PATTERN Cited by 1 source

Pre-silicon validation partnership¶

Intent¶

Ship a workload-representative benchmark suite to CPU / SoC / accelerator vendors and collaborate with them on pre-silicon simulations and early-silicon bring-up — so that microarchitectural tuning + SoC-level optimizations on the vendor's roadmap products land matched to your production workload shape, not to the vendor's own synthetic benchmark suite.

Context¶

A hyperscaler's hardware procurement cycle spans years. By the time a vendor's chip is available and benchmarkable in production, tens of millions of dollars of design decisions have already been locked in. If those decisions were tuned against a benchmark that doesn't represent hyperscale workloads (see concepts/benchmark-methodology-bias), the chip will land with suboptimal performance on the workloads that drive capacity planning.

The fix is to get your workload-representative benchmark into the vendor's pre-silicon flow — architectural simulators, early silicon test chips, cycle-accurate models — so tuning happens against the right shape from the start.

Mechanism¶

Precondition — a workload-representative benchmark exists¶

You cannot run this pattern without a workload-representative benchmark that your vendor can share + execute. At Meta that artifact is DCPerf.

Two-phase collaboration¶

Pre-silicon. Run the benchmark against the vendor's architectural simulators + cycle-accurate models. Iterate on microarchitecture parameters (pipeline depths, cache sizes + hierarchy, branch-prediction structures, SoC power-management policies). "There have been multiple instances where we have been able to identify performance optimizations in areas such as CPU core microarchitecture settings and SOC power management optimizations." (Source: sources/2024-08-05-meta-dcperf-open-source-benchmark-suite)
Early-silicon. Run the benchmark on the first test chips. Catch performance bugs before mass production; catch system- software issues (firmware, driver, kernel, scheduler) before the chip lands in production data centers.

Duration¶

Meta reports two years of this collaboration cadence with "leading CPU vendors" across pre-silicon and/or early-silicon setups. It's not a one-shot engagement; it's a continuous partnership through the vendor's chip-design + bring-up timeline.

Bidirectional outcomes¶

Meta frames this collaboration as feeding optimizations in two directions: vendor ships a better chip for Meta's workload; Meta ships cleaner benchmarks + more characterization data back to the vendor. Both parties benefit; the benchmark is the common-language artifact.

Canonical instance — Meta + CPU vendors via DCPerf¶

Meta explicitly states:

"Over the last two years we have collaborated with leading CPU vendors to further validate DCPerf on pre silicon and/or early silicon setups to debug performance issues and identify hardware and system software optimizations on their roadmap products."

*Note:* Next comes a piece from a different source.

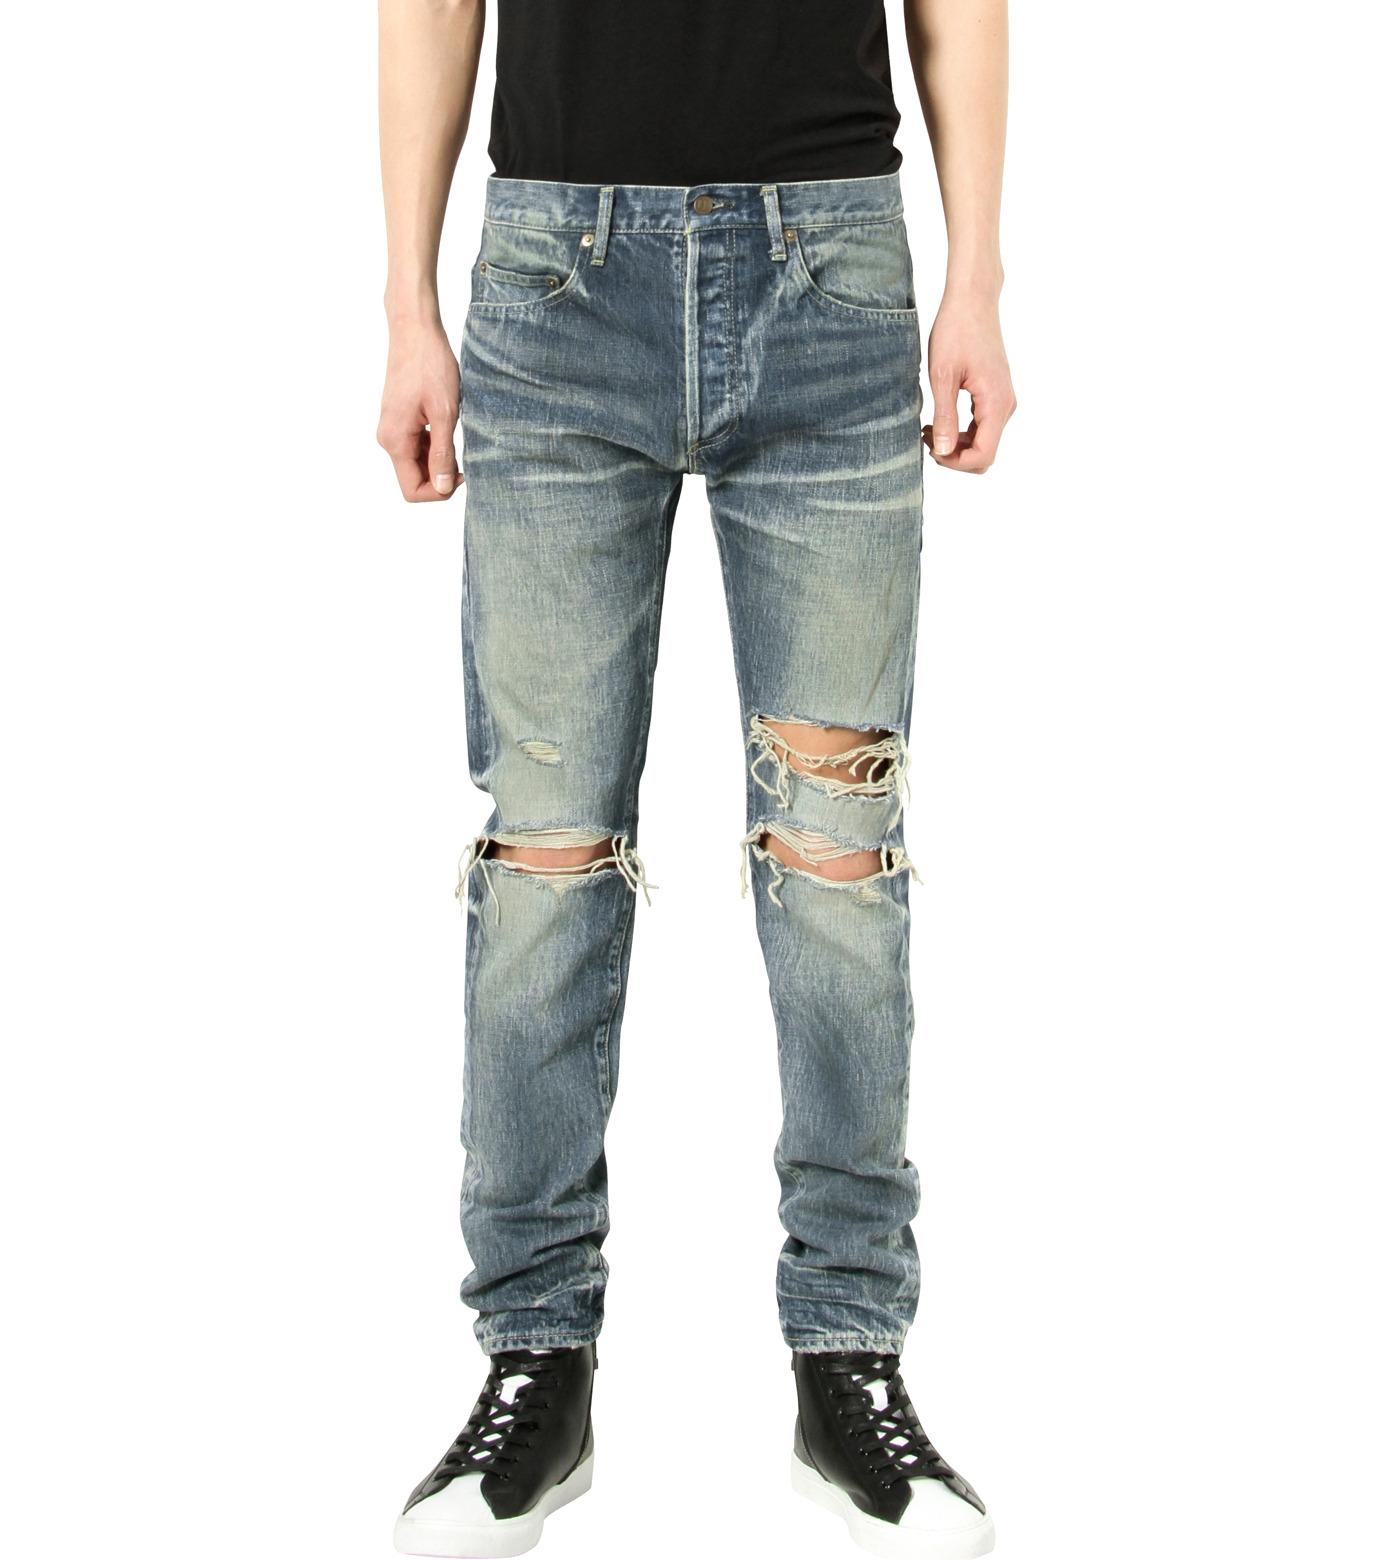 HL HEDDIE LOVU(エイチエル・エディールーヴ)のDamage Denim PT-BLUE(パンツ/pants)-17S98003-92 拡大詳細画像1

The wiki diagrams this as part of the same post (sources/2024-08-05-meta-dcperf-open-source-benchmark-suite): "areas of HW/SW design where we have seen DCPerf being representative of production usage and being beneficial for delivering relevant performance signals and help with optimizations."

Open-sourcing DCPerf expands the partnership from Meta↔vendors to any hyperscale-relevant organisation ↔ any vendor with access to the suite.

Why it works¶

Shifts tuning left. Optimization happens while design is still malleable, not after the chip is taped out.
Aligns vendor incentives with hyperscaler workload. The vendor's public SPEC numbers still matter for non-hyperscaler customers, but Meta-specific-optimization is earned through DCPerf, not assumed.
Catches bugs cheap. Performance / correctness issues found pre-silicon cost orders of magnitude less to fix than post-silicon.
Enables novel architectures. Chiplet, heterogeneous-core clusters, and mixed-ISA platforms are evaluated against representative workloads before mass deployment; Meta specifically names DCPerf validation on chiplet-based architectures.

Anti-patterns¶

Wait for generally-available silicon. Too late — the relevant design decisions have already been made against someone else's benchmark.
NDA-only benchmark. If the benchmark can't be shared in the vendor's simulator / early-silicon environment, the partnership can't run. Meta's answer is open-sourcing DCPerf outright.
Aggregate-score-only evaluation. A chip can score well on a benchmark while mispredicting the microarchitectural behaviour the benchmark is supposed to proxy; validate at the right level (see concepts/benchmark-representativeness).

Seen in¶

sources/2024-08-05-meta-dcperf-open-source-benchmark-suite — Meta's two-year DCPerf vendor-collaboration disclosure. Multiple identified optimizations in core microarchitecture and SoC power management.

systems/dcperf — the benchmark artifact this pattern depends on.
patterns/workload-representative-benchmark-from-production — the prerequisite pattern; you can't run pre-silicon validation without the benchmark.
concepts/benchmark-representativeness — the property the partnership exploits.
concepts/hyperscale-compute-workload — the workload shape vendors tune toward through this partnership.
companies/meta — canonical hyperscaler instance.